Konusu 'Çeşitli Makaleler' forumundadır ve Coyote tarafından 18 Eylül 2010 başlatılmıştır.

Watchers:
Başlığı izleyen kişi sayısı 1 user .
  1. Coyote
    Offline

    Coyote Üye

    Katılım:
    24 Aralık 2008
    Mesajlar:
    1.626
    Beğenileri:
    1.569
    Ödül Puanları:
    123








    Koşmak mı yürümek mi ?



    Artık hepimiz biliyoruz ki sağlık için egzersiz şart. Ama maalesef ki fitness endüstrisinin son 40 yıldır ısrarla savunduğu günde 45 dakika ila bir saat yoğun aerobik egzersiz (tempolu koşma) faydadan çok zarar veriyor.
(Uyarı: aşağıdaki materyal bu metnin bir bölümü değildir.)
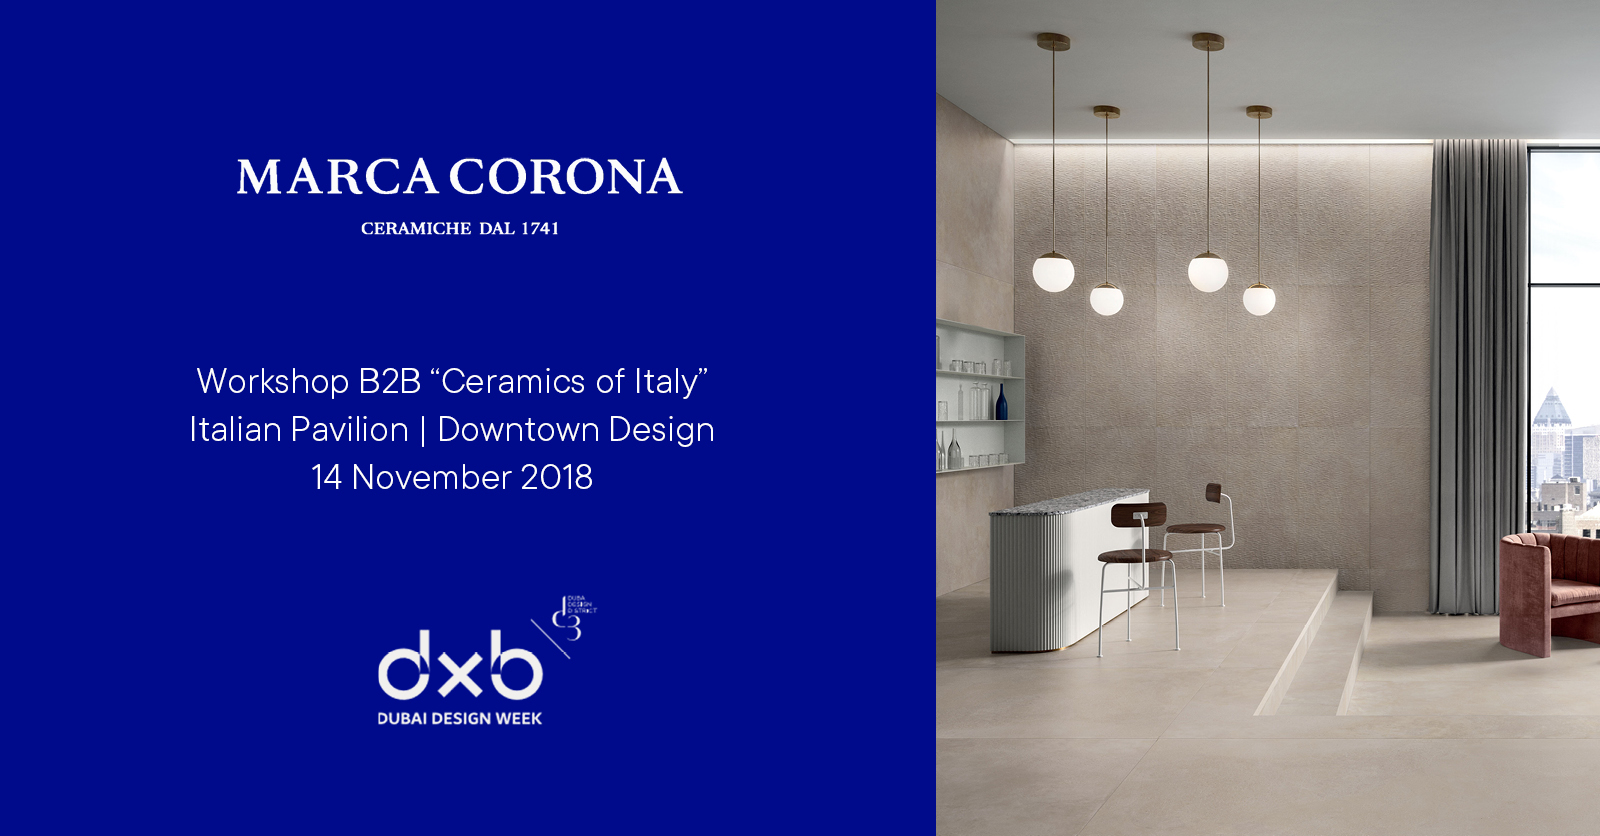 Marca Corona at Dubai Design Week 2018

Yaşı müsait olanlar Jim Fixx`i hatırlayacaklardır. 1977`de yazdığı koşu kitabı bütün Dünya’da yankılar yaratmış, sırf ABD`de bir milyondan fazla satmıştı. Ama maalesef , 52 yaşındaki Fixx bir sabah koşarken kalpten ölmüştü. Bültenimizin bu sayısını yakın bir zaman önce okuduğunuz Taş Devri Egzersizleri makalesini yazan vücut geliştirme ve Fitness antrenörü Altuğ Duralın yazısına ayırdık.
    Aerobik egzersizler sağlık için gerçekten yararlı mı?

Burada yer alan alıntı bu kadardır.